Full transcription, minus images: write out the listing below exactly as it appears.

* Input data
━━━━━━━━━━
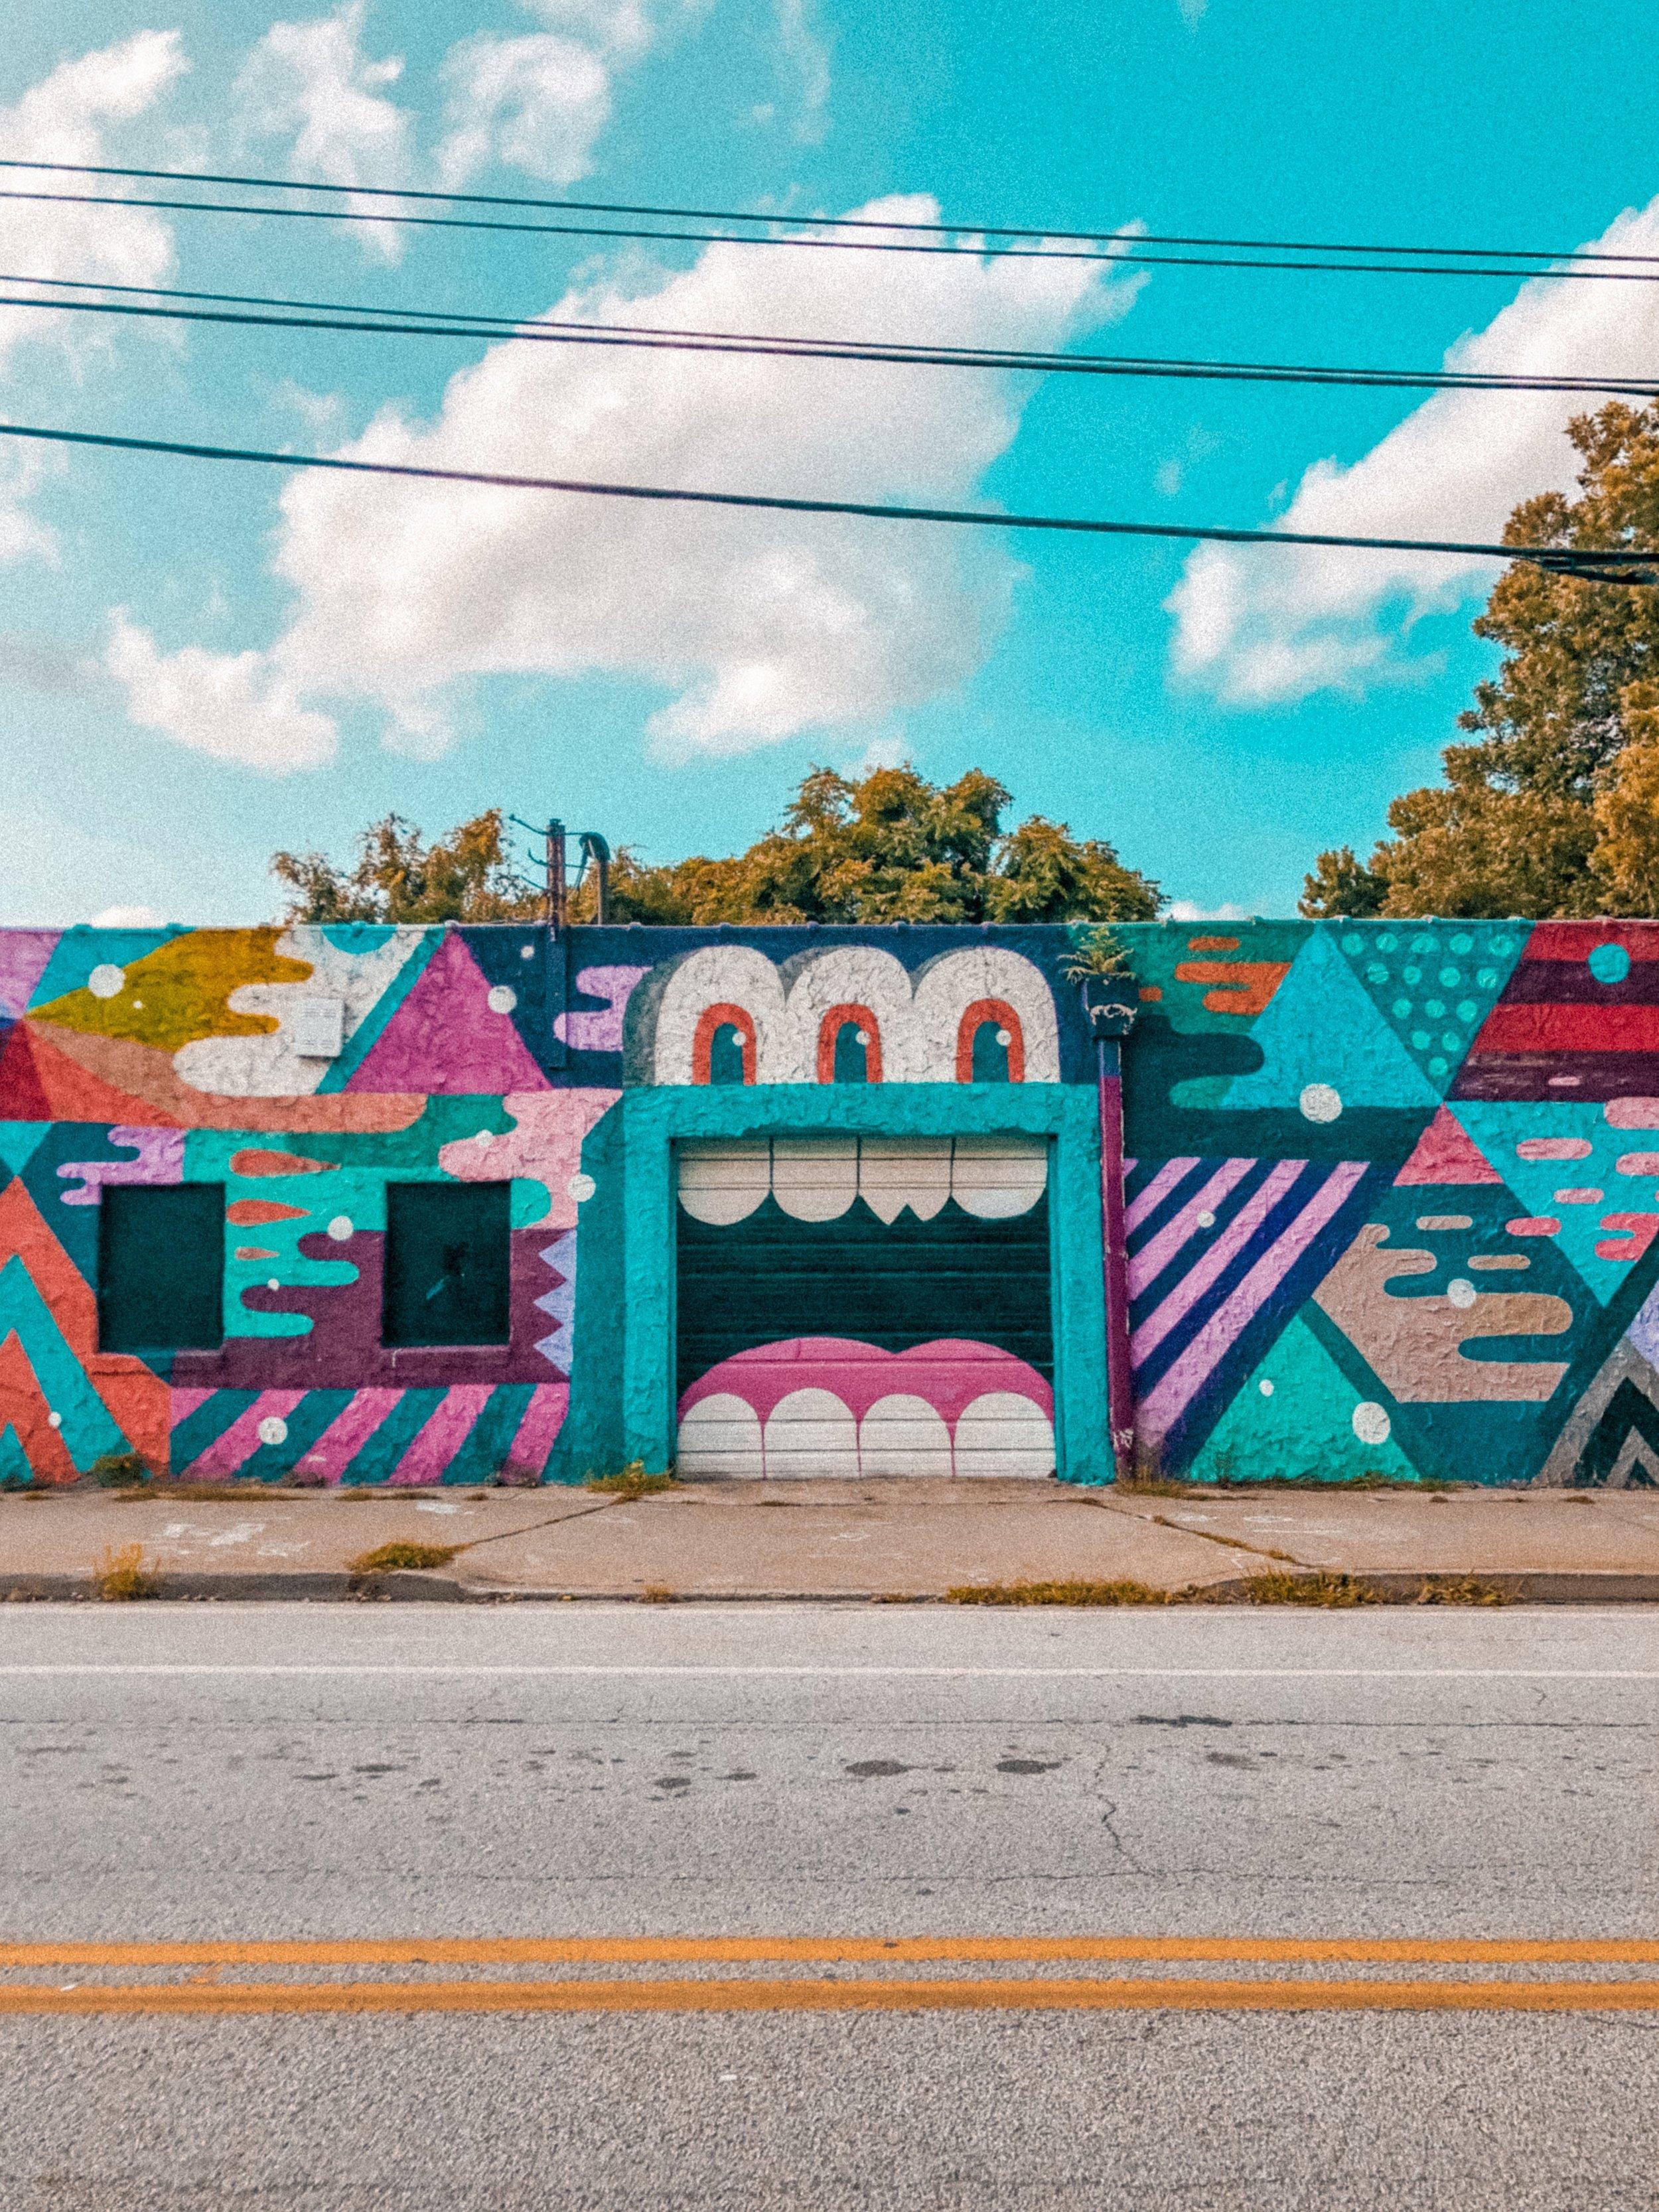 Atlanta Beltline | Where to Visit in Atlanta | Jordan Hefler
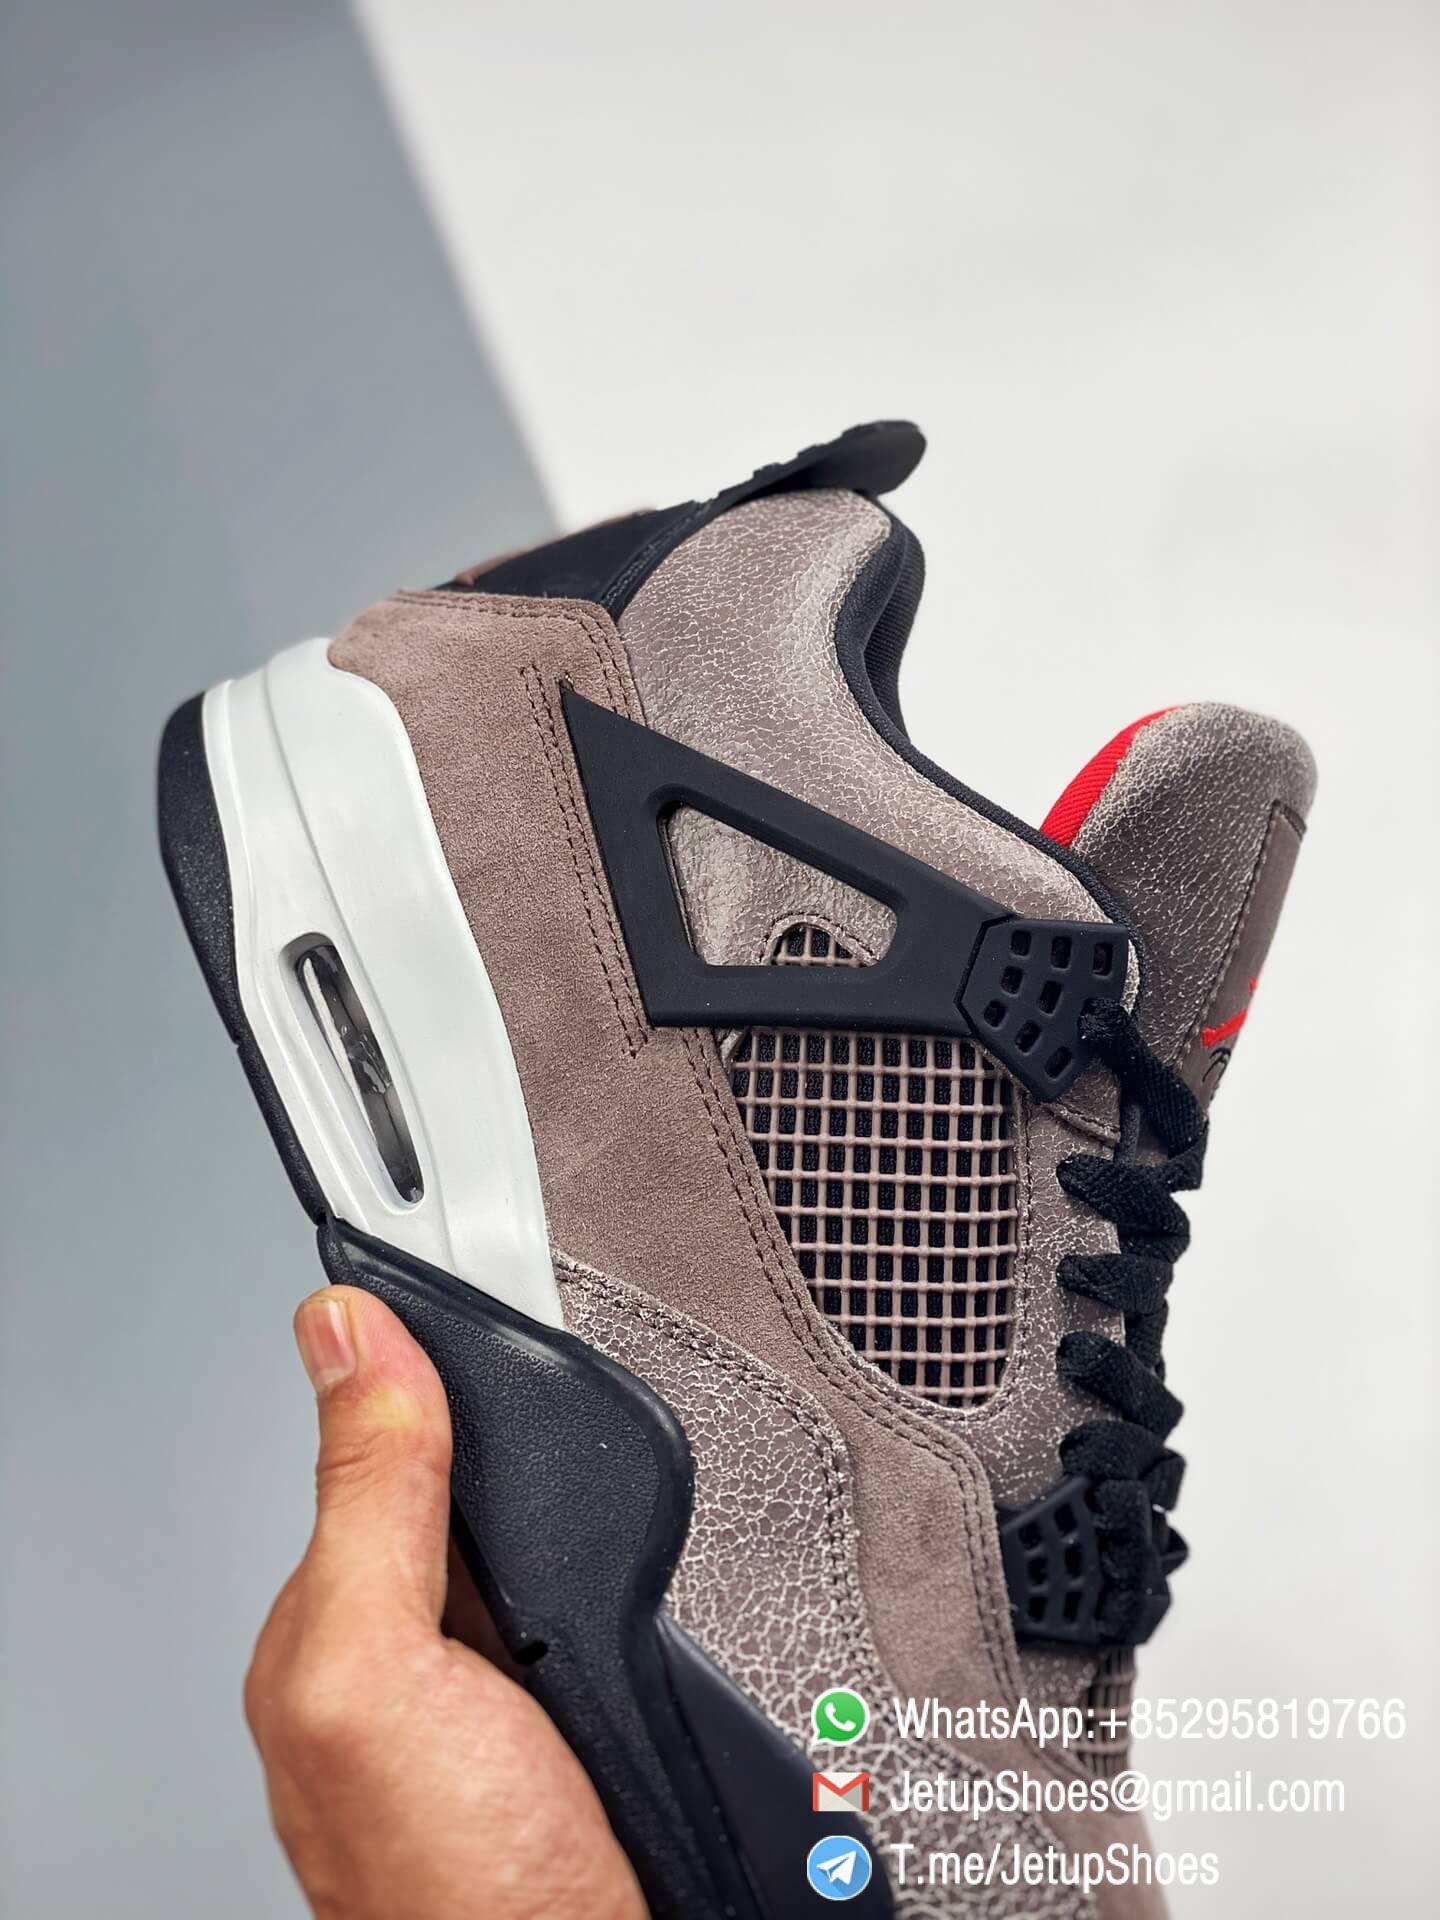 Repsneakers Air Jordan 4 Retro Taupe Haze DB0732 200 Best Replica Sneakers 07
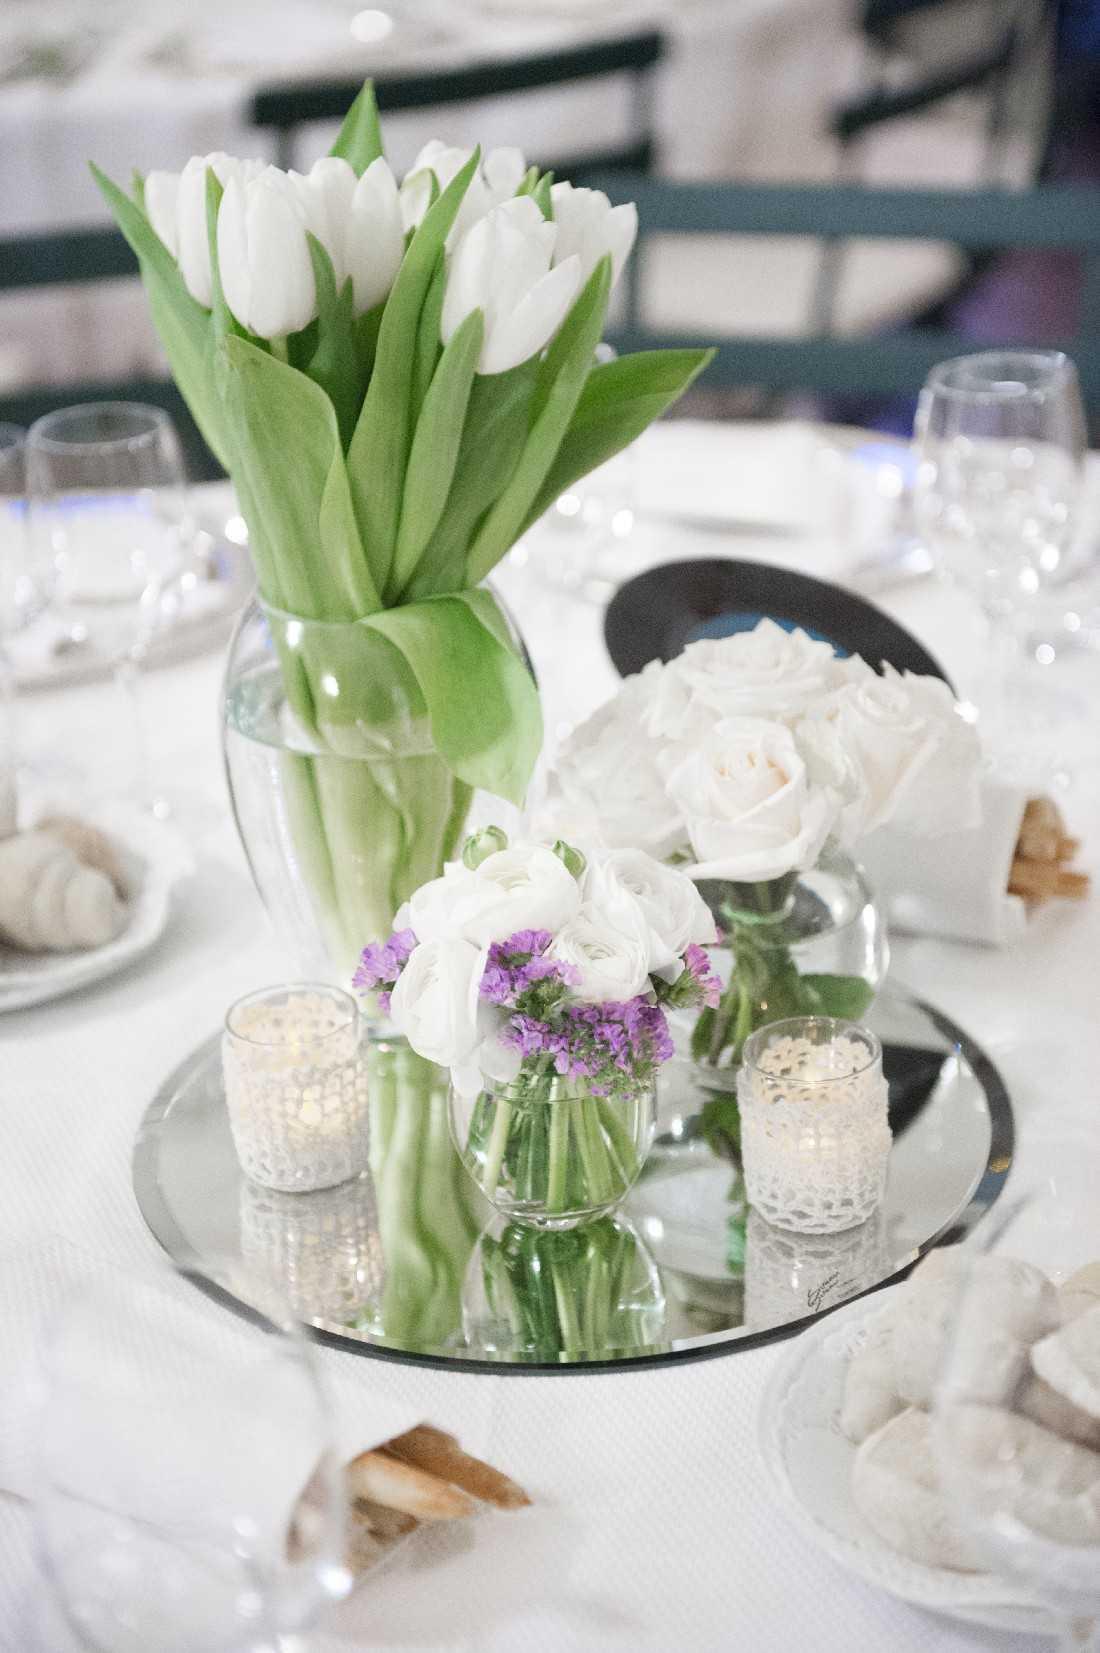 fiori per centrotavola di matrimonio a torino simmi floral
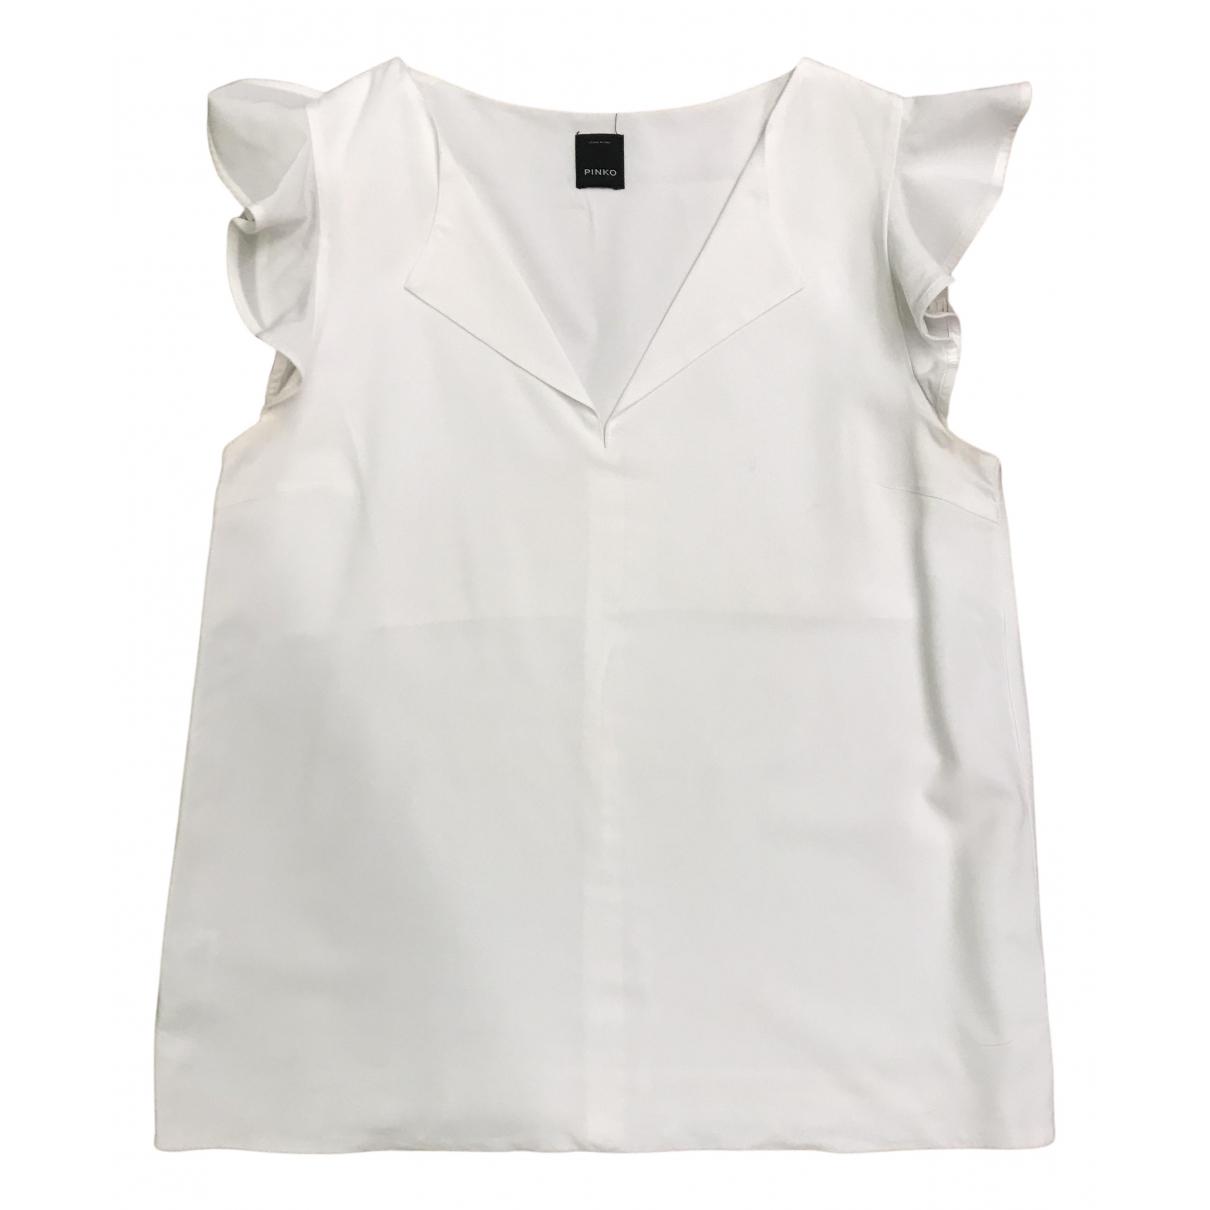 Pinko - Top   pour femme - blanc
━━━━━━━━━━
* Expected output
 Atlanta Beltline | Where to Visit in Atlanta | Jordan Hefler
 Repsneakers Air Jordan 4 Retro Taupe Haze DB0732 200 Best Replica Sneakers 07
 fiori per centrotavola di matrimonio a torino simmi floral
 Pinko - Top   pour femme - blanc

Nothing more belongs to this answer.